- **TASK INSTRUCTIONS**
Each line of the listing must be transcribed exactly, except for the images, which should be excluded.

- **DATASET EXTRACT**
======
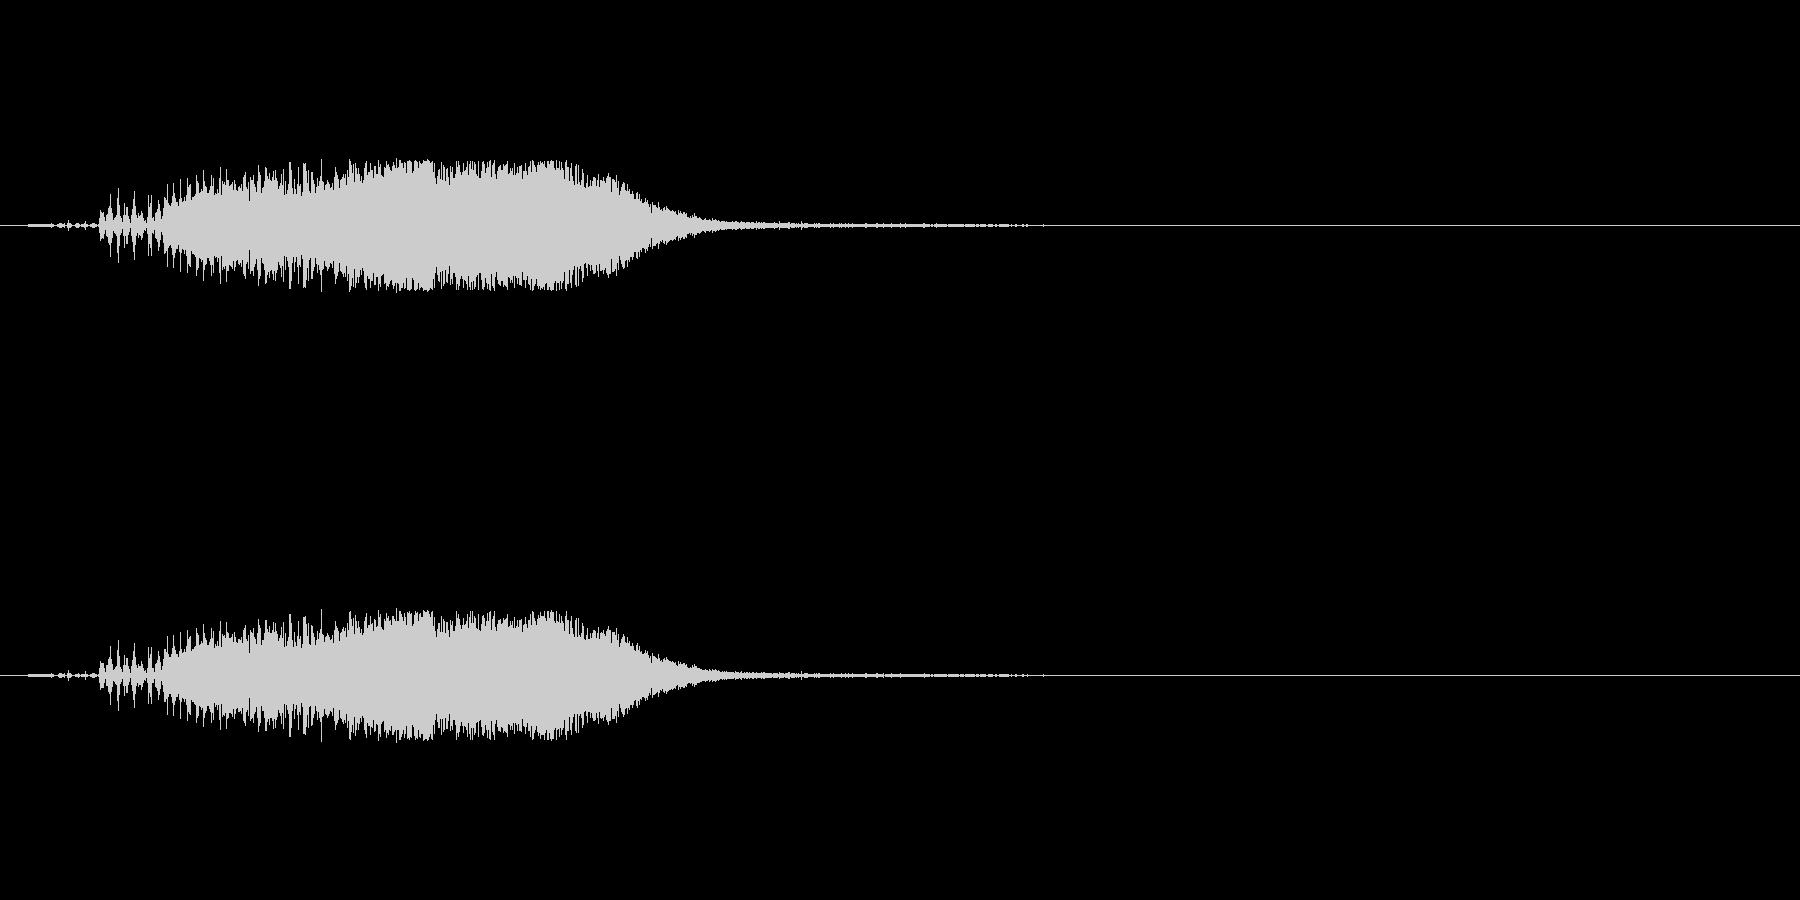 高電圧スパーク、電気、アーク放電、火花の未再生の波形
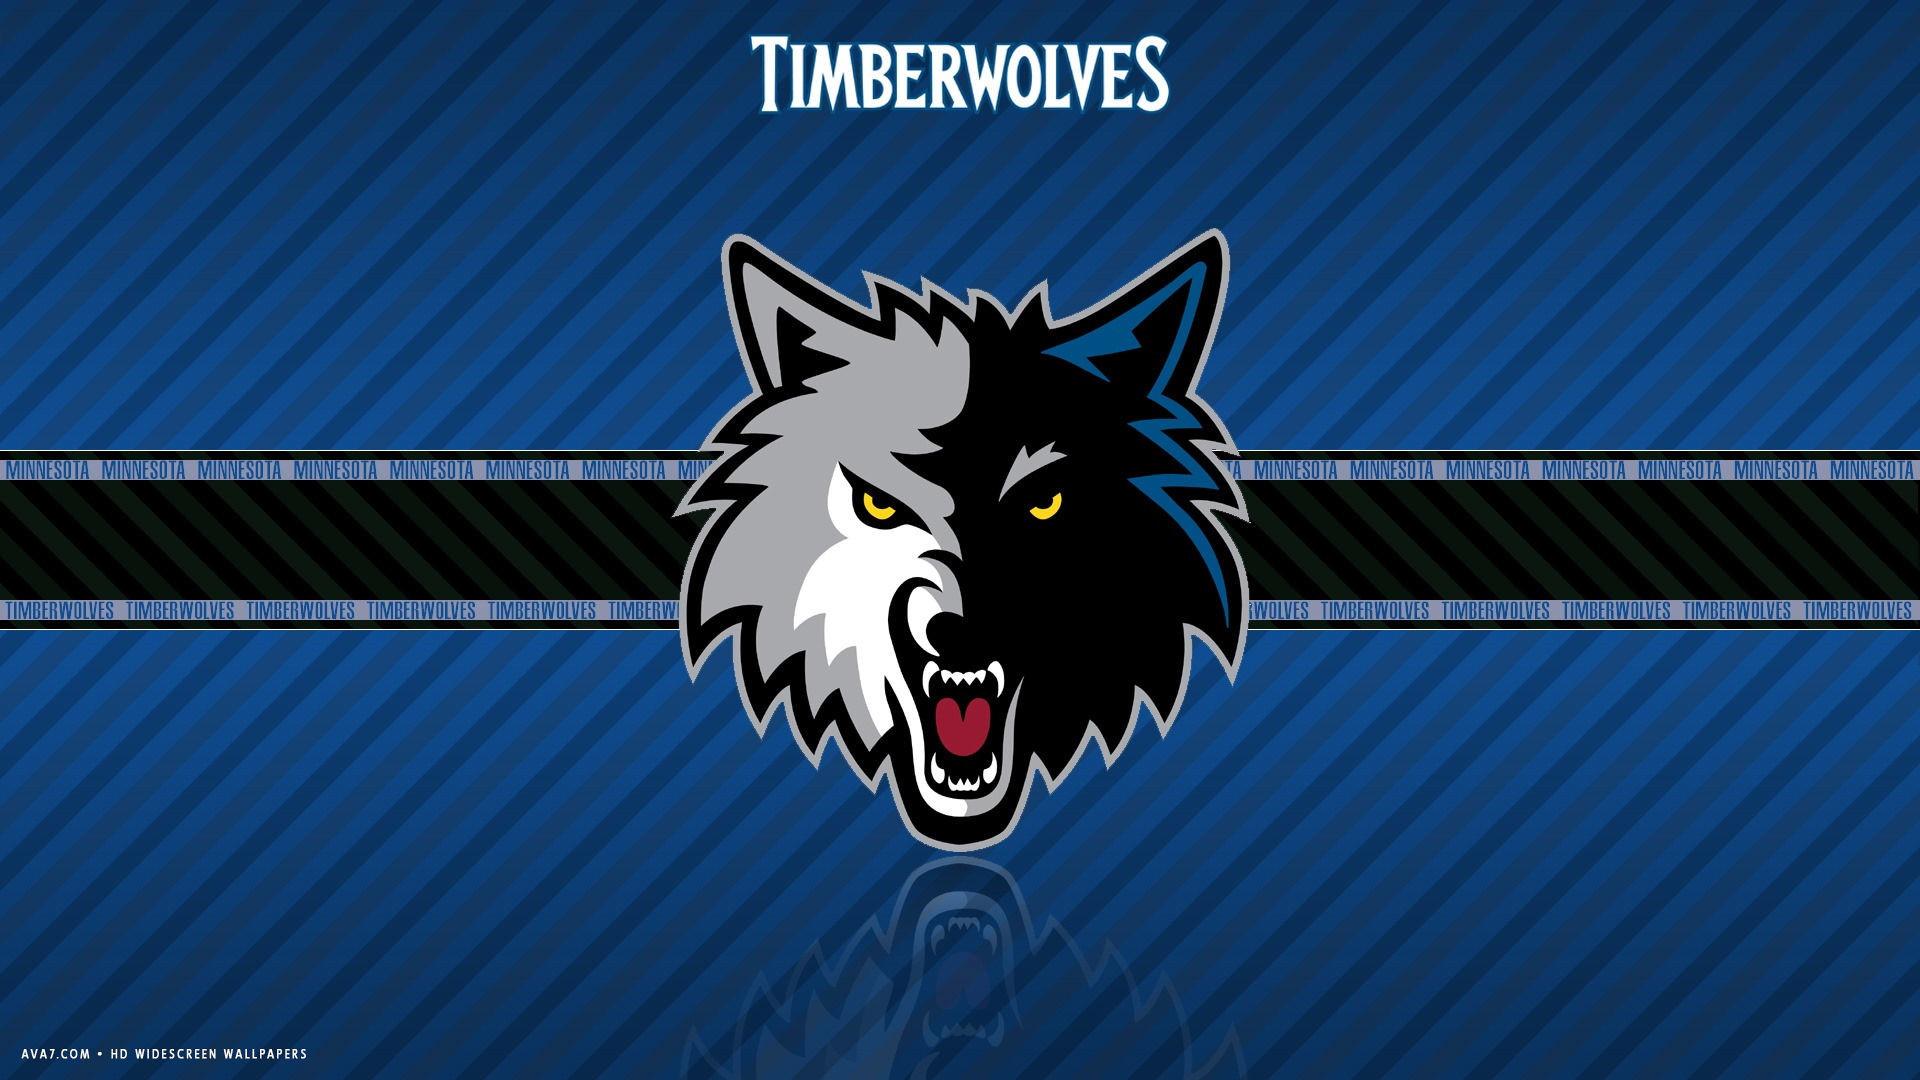 minnesota timberwolves nba basketball team hd widescreen wallpaper
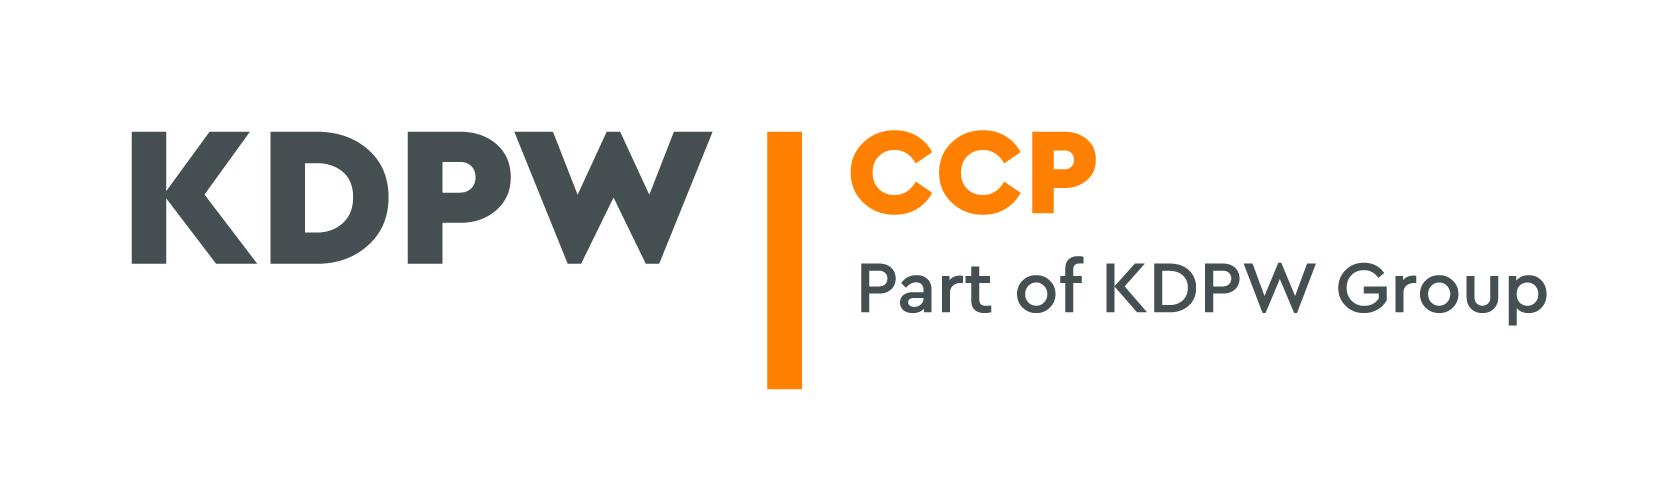 KDPW_CCP_LogoRENG_color_pos_RGB
======
- **EXPECTED ANSWER**
 高電圧スパーク、電気、アーク放電、火花の未再生の波形
 minnesota timberwolves nba basketball team hd widescreen wallpaper
 KDPW_CCP_LogoRENG_color_pos_RGB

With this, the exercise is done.